APEX-seq library preparation

RNA-seq libraries were prepared from enriched RNA (corresponding to ~30-50 μg of pre-enriched RNA) using the Illumina TruSeq stranded mRNA preparation kit, which included polyA+ selection. The prepared libraries were stranded and were quality-controlled by sequencing on the Illumina MiSeq. Good libraries (> 80% unique reads) were sequenced on the Illumina Hiseq 4000 at ~40 million paired (2 × 75) reads per library. The polyA+ libraries (41 ± 2 million paired reads, mean ± S.E.M) had high mapping in both targets (90 ± 1% uniquely mapped reads) and controls (86 ± 1% uniquely mapped reads) (Figure S2C). The correlation between biological replicates was high (between 0.96 and 1). For the MITO APEX-seq we also generated total RNA samples (by omitting the polyA+ selection step in the TruSeq protocol), as well as a polyA+ selected technical replicate for 1 of the labeled samples.

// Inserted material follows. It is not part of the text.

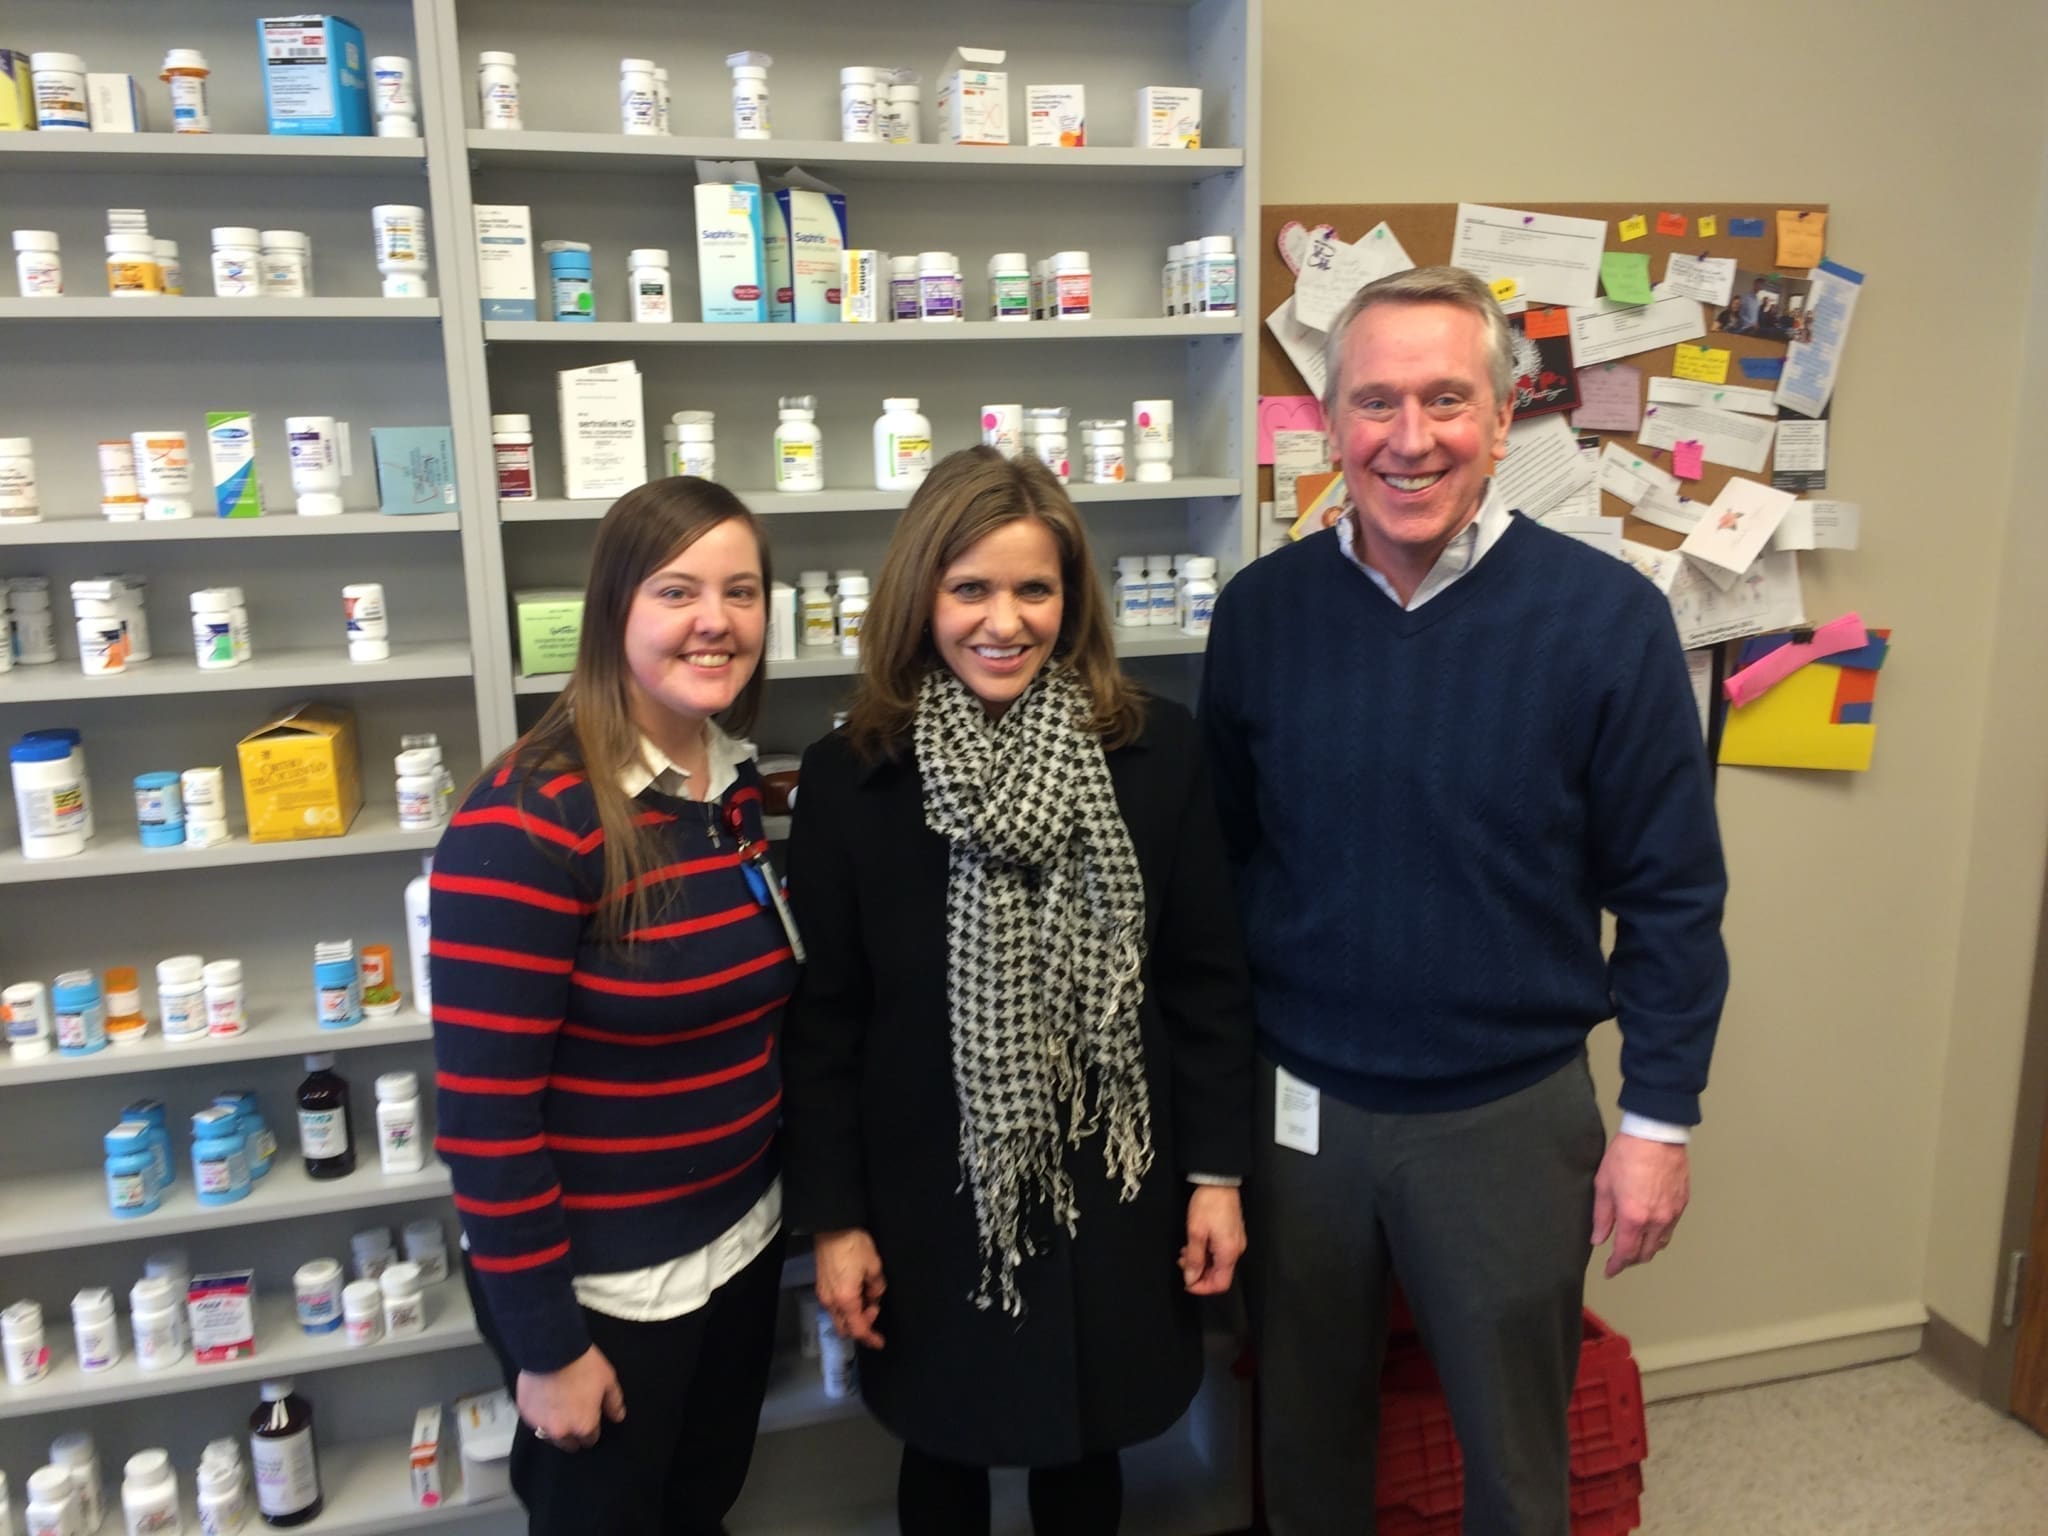 Rep. Lynn Jenkins (R-KS) of the House Ways & Means Health Subcommittee participated in an NACDS RxIMPACT pharmacy tour this week at a Genoa in Topeka, Kan.

Alternative enrichment strategies tested

We tested alternative strategies to enrich the biotinylated RNAs, and the best one (maximizing enrichment while minimizing material loss) is described above. In general, we found using harsh reagents such as formamide or urea increased yield variability across replicates while reducing yield. We varied temperature (RT versus 4°C), buffers used to wash beads, and amount and type of beads used (Pierce streptavidin beads vs Dyna MyOne Streptavidin C1 beads (Thermo Fischer)). Specifically, the protocols tested were as follows:

  1. Published APEX-RIP protocol/urea wash/high salt wash(Kaewsapsak et al., 2017) – 2 hour 4°C incubation – 10 uL Pierce beads

  2. APEX-RIP protocol (excluding urea) – 2 hour 4°C incubation – 10 uL Pierce beads

  3. APEX-RIP protocol – 10-15 minutes RT incubation – 10 uL Pierce beads

  4. APEX-RIP protocol – 2 hour 4°C incubation – 10 u L Pierce beads – +2 additional washes of 50% formamide for 15 minutes at 37°C

  5. High salt wash (described above, B&W buffer) – 15 minutes at RT – 150 uL Dyna beads

  6. High salt wash – 15 minutes at RT – 10 uL Pierce beads

  7. APEX-RIP protocol – 2 hour 4°C incubation – 50 u L Pierce beads

  8. APEX-RIP protocol – 2 hour 4°C incubation – 10 u L Pierce beads – +2 washes 20% formamide for 15 minutes at 37°C)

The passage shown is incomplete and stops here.